The issue with coronavirus is that it exacerbates Venezuela’s preexistent crisis, and, once again, the poor are the most vulnerable. In a country where they cannot meet their basic needs, they are now forced to choose between dying from either the virus or from starvation. Going to work means getting infected, but not going to work means not having money for food – that is what happens in a nation in which more than 90 percent of its citizens live from paycheck to paycheck. Perhaps the worst part is that, now, people are unable to escape these conditions, as borders have closed and travel into and outside Venezuela has been cancelled.

Those who migrated before the pandemic arrived are not doing a lot better either. Some are stuck in refugee camps; others are forced to remain in nations where they do not have access to the public health system and are unable to afford private services. Due to this situation, a number of Venezuelans have chosen to return from abroad – like the Venezuelan saying goes, más vale diablo por conocido que santo por conocer, or “better the devil you know than the saint you do not.”

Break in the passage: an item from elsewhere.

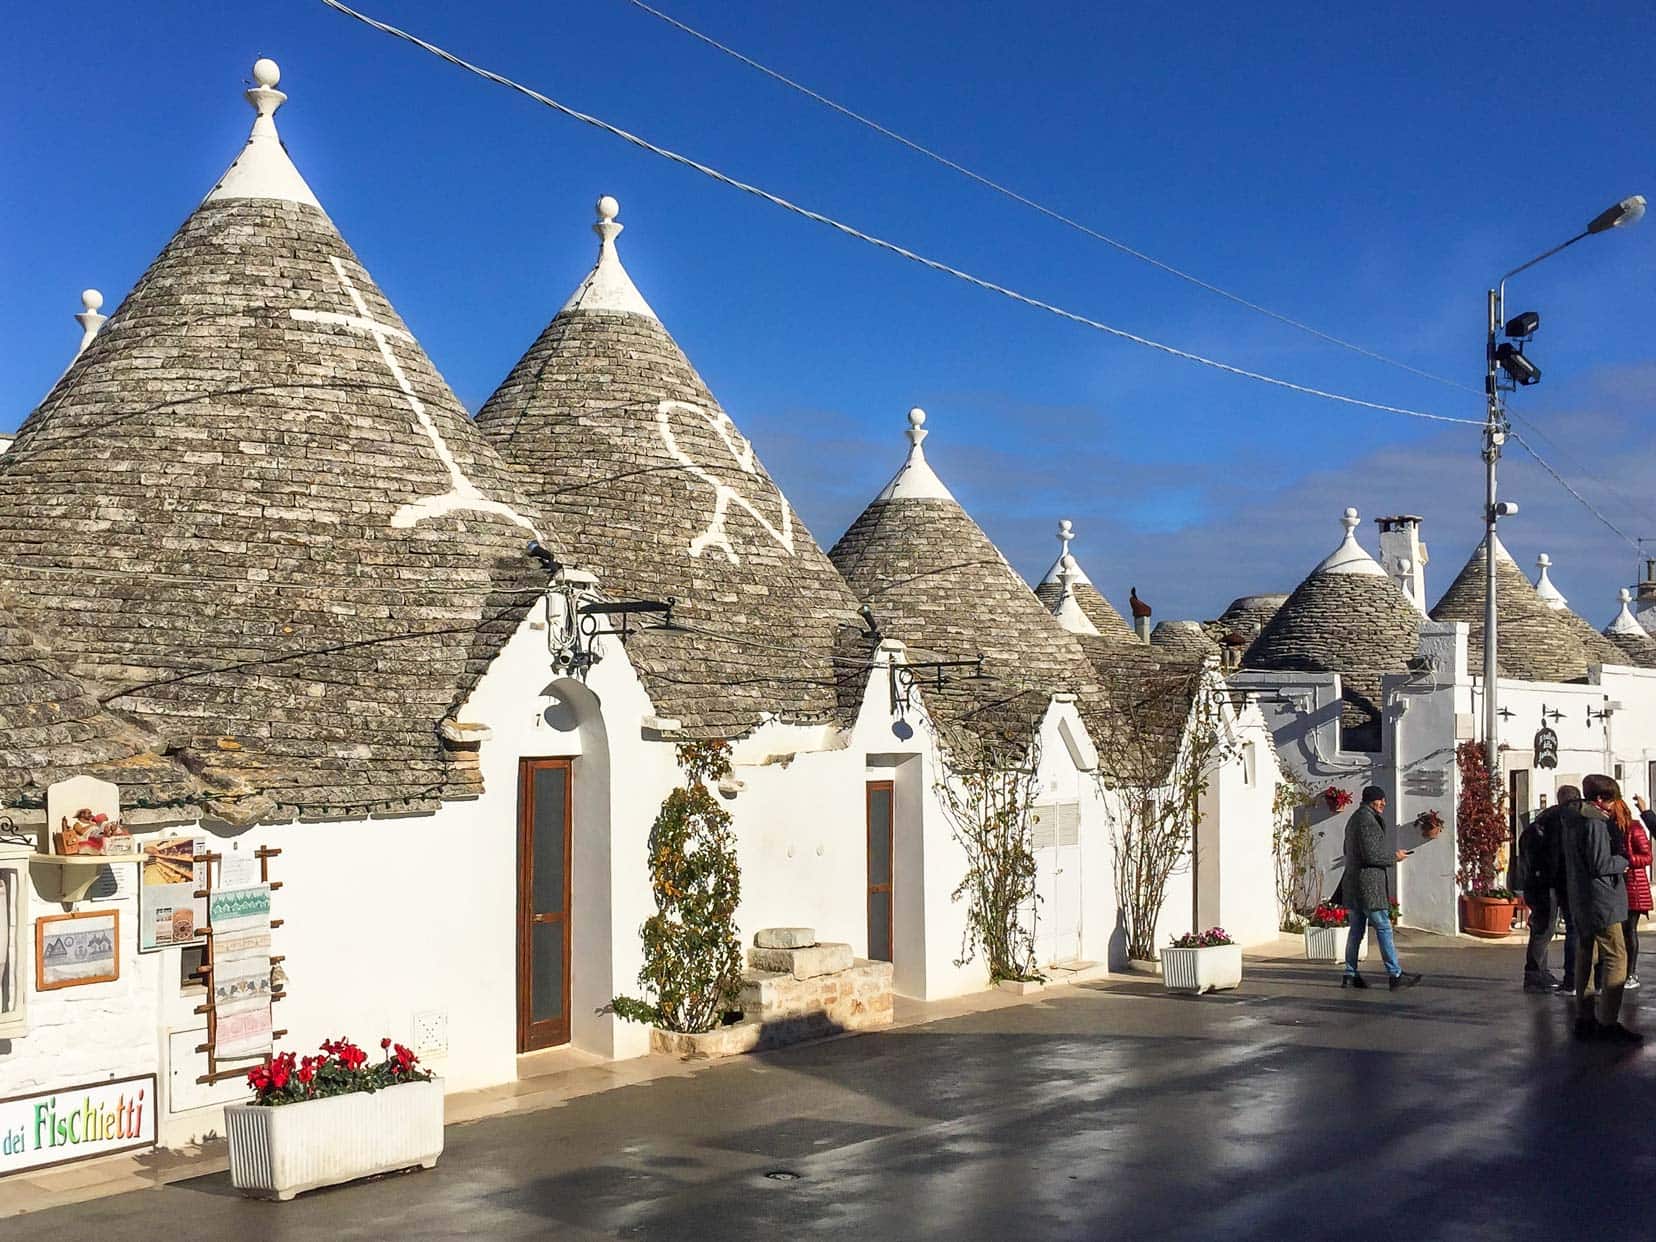 Trulli with white symbols on roof and shop fronts with displayed goods

Even though the virus does not discriminate between poor and rich, the approach each sector has been taken varies completely. In the case of the wealthy few, people are following social distancing protocol. People are quarantining, leaving their homes only for essential shopping, and wearing masks whenever they venture outside. On the other hand, the poor are not following these procedures. Since most have jobs in the economy’s informal sector, they continue trying to make some money – especially within the country’s popular areas where law enforcement is not strict. They have been forced into succumbing to even more government surveillance and manipulation, as the regime said that people would only be allowed to leave the slums if they have their “Carnet de la patria” - an ID created to streamline social programs that serves as a method of coercion and vote-buying. Moreover, the government’s attempt to enforce quarantine on the poor sector has utterly failed; not only have some refused to accept it, but protests in slums have ensued as a result – hunger trumps the fear of disease.

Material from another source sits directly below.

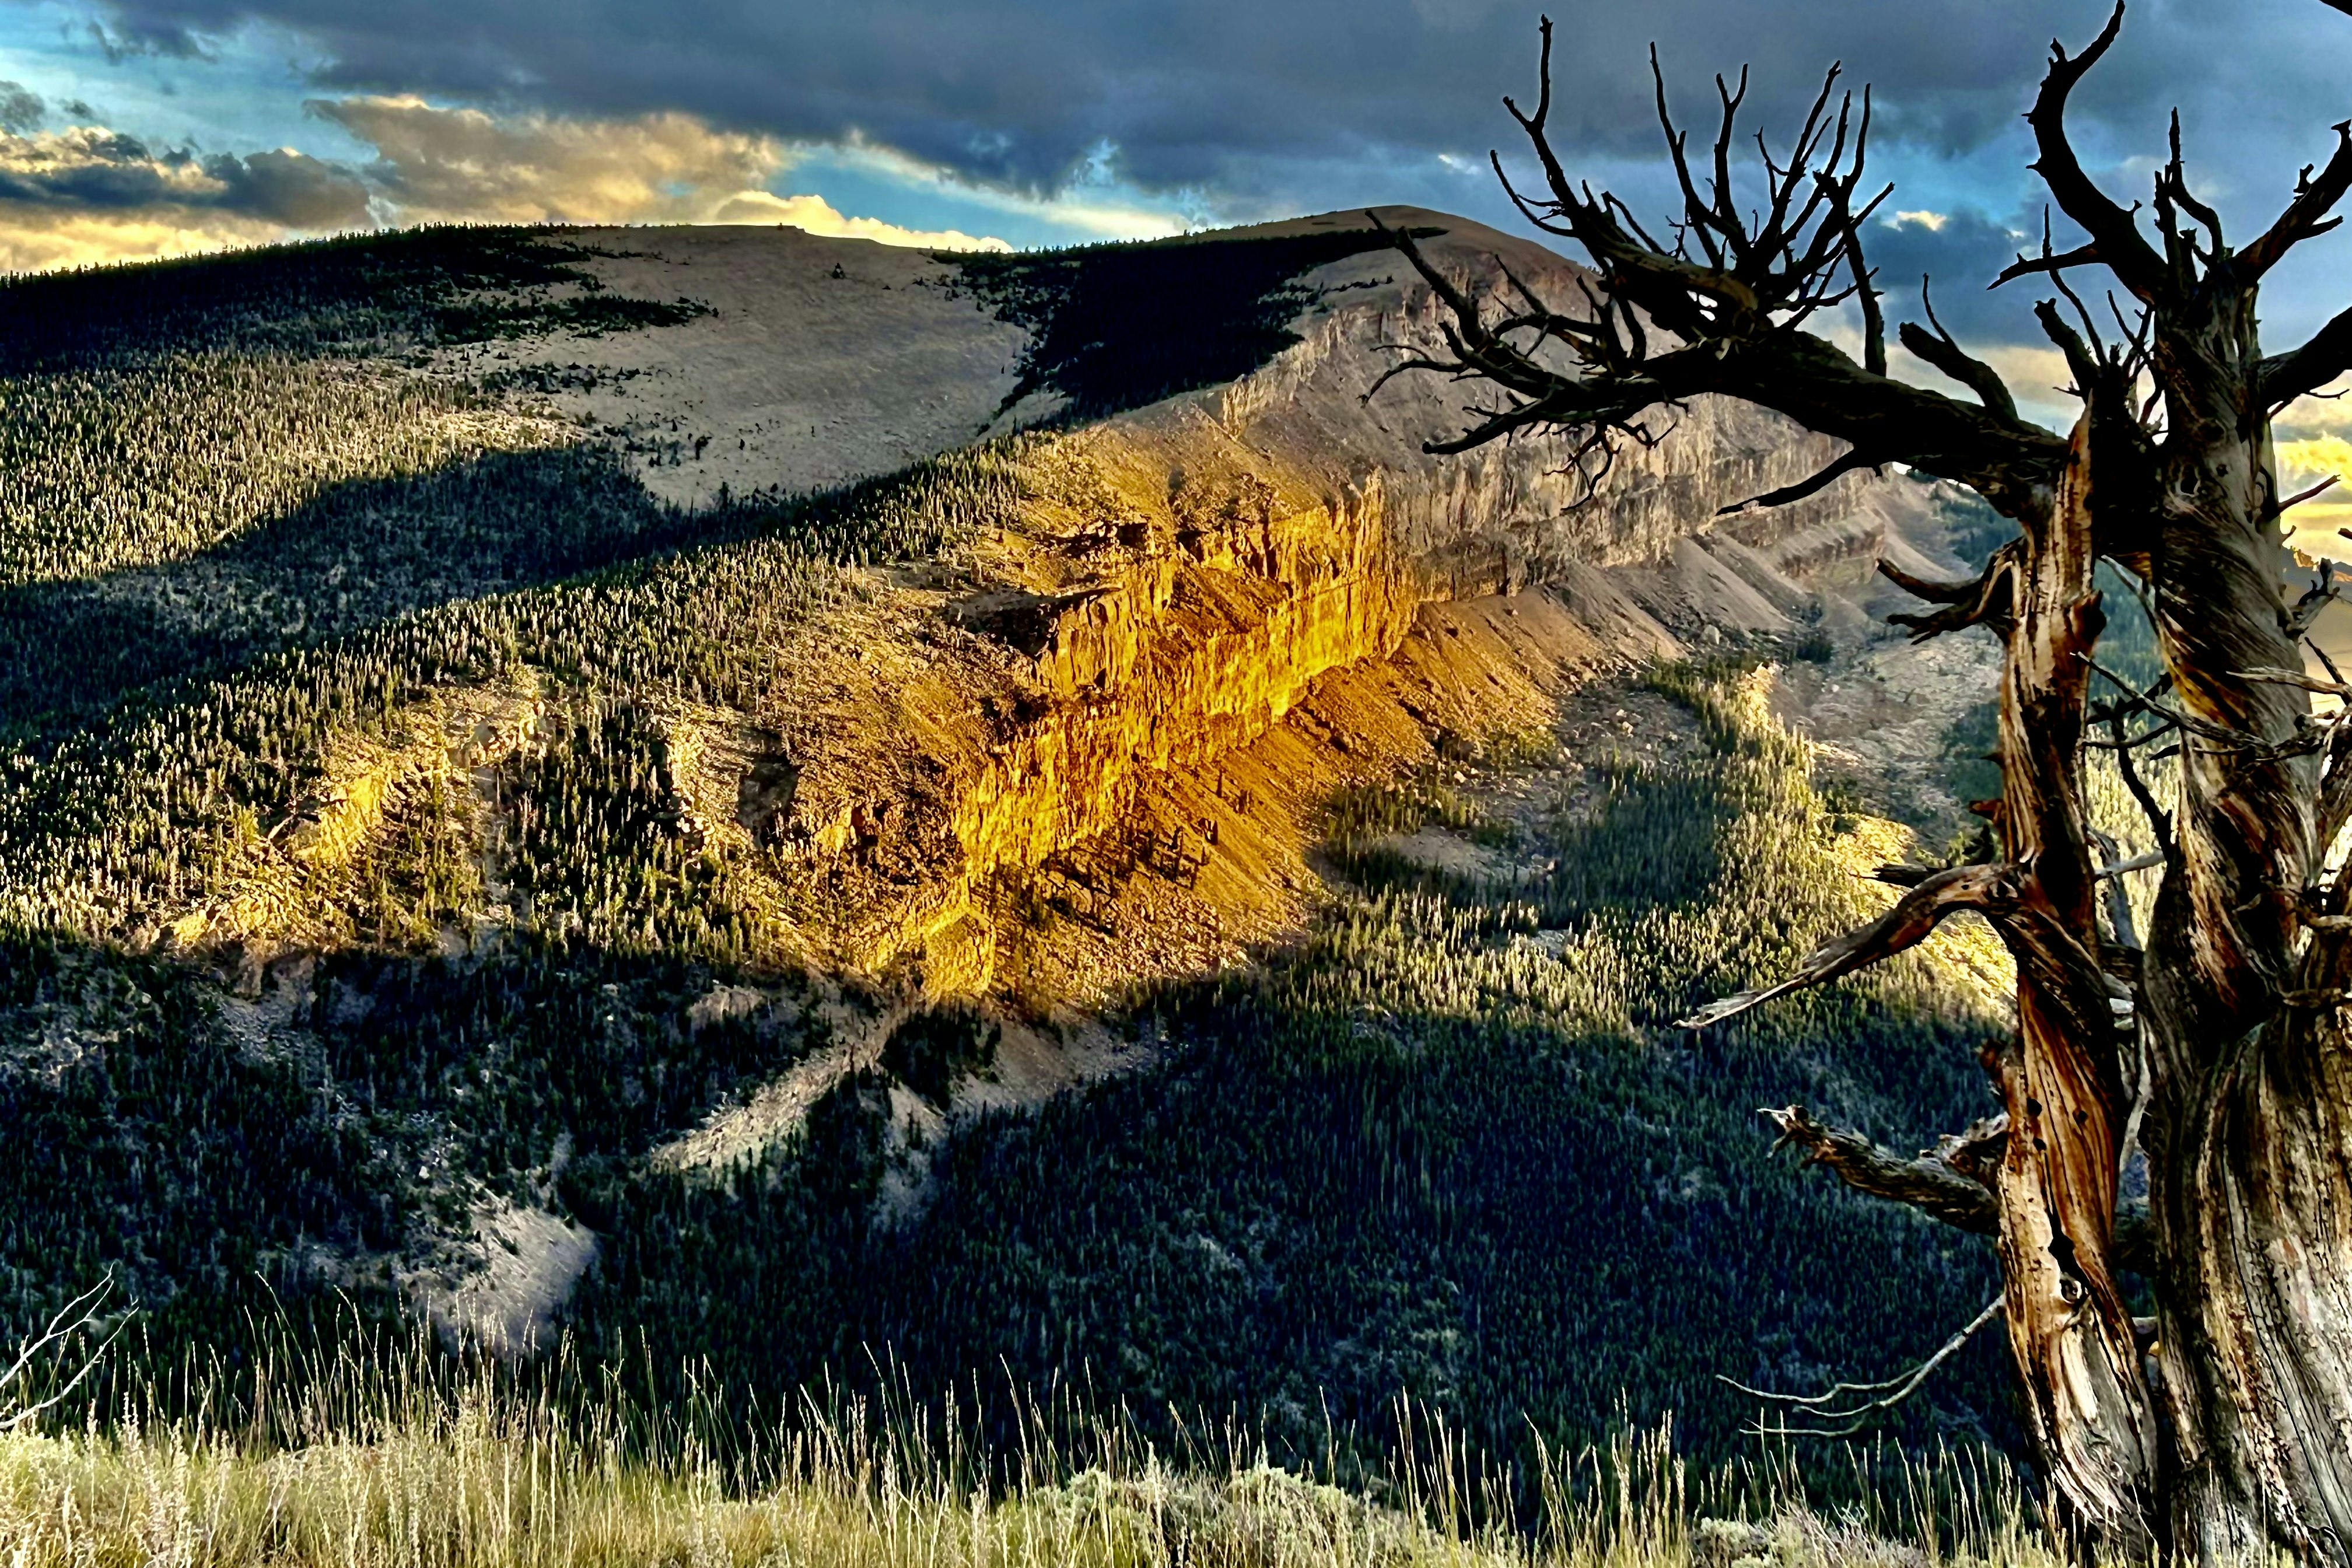 Sunset on Arrow Mountain in the Torrey Valley near Dubois, Wyoming.

Despite the different realities, however, no one –rich or poor – is immune from the exacerbated crisis. Money and socioeconomic status cannot save anyone from understaffed and resource-lacking hospitals, national power outages, and failing clean water systems. Heck, not even being far from Venezuela can save anyone from these issues; despite the distance, there is always a relative, a friend, a neighbor, an acquaintance that remains in the country and is suffering through the crisis. At least, I have never felt my heart be closer to home than what it is right now – even if it finds itself in Lakeville, Minnesota, roughly 2,834 away from Venezuela.

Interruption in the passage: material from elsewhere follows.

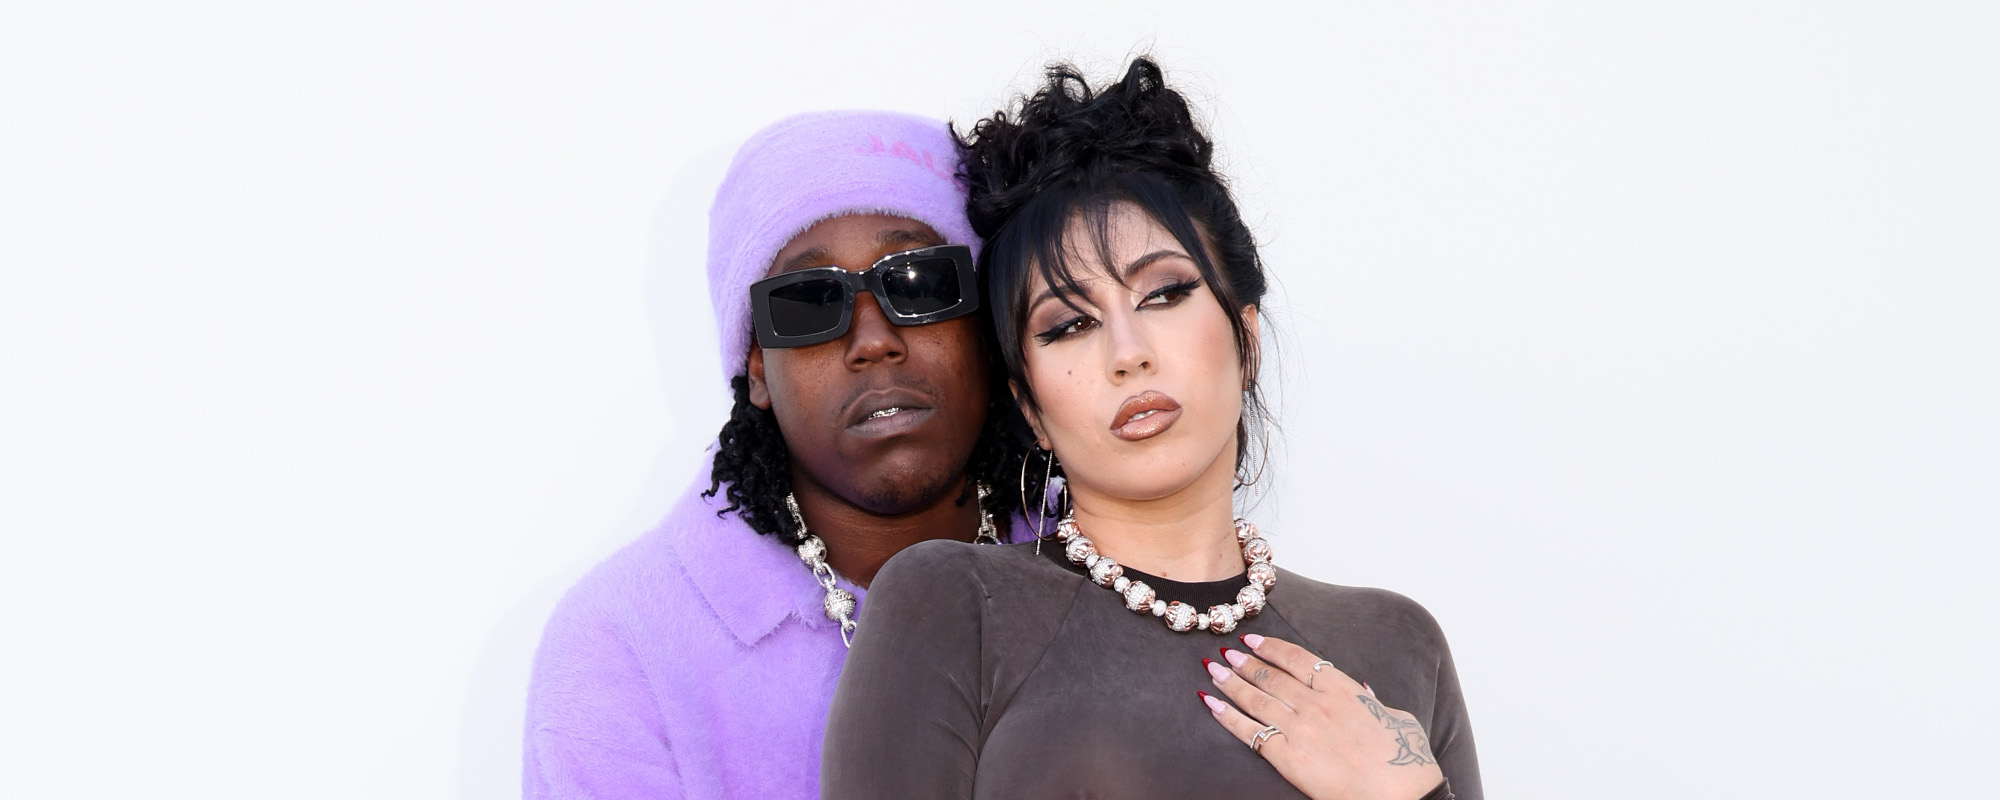 Kali Uchis and Don Toliver: What's the Truth About Their Relationship Status? 13

I wish I could write something happier. I wish I could report something more uplifting, but Venezuela’s situation is grim. I guess the greatest lesson this situation has taught me is that we must try not to be shortsighted and to look beyond our circumstances. It is easy to dwell on the fact that sports were cancelled, our semester turned virtual, and we cannot leave our homes; however, there are people who are facing even worse conditions – there are people choosing between death by disease or by starvation. These are precisely the people we have to keep in our mind and try to do our best to help, even if the only thing we can do is offer a prayer for them.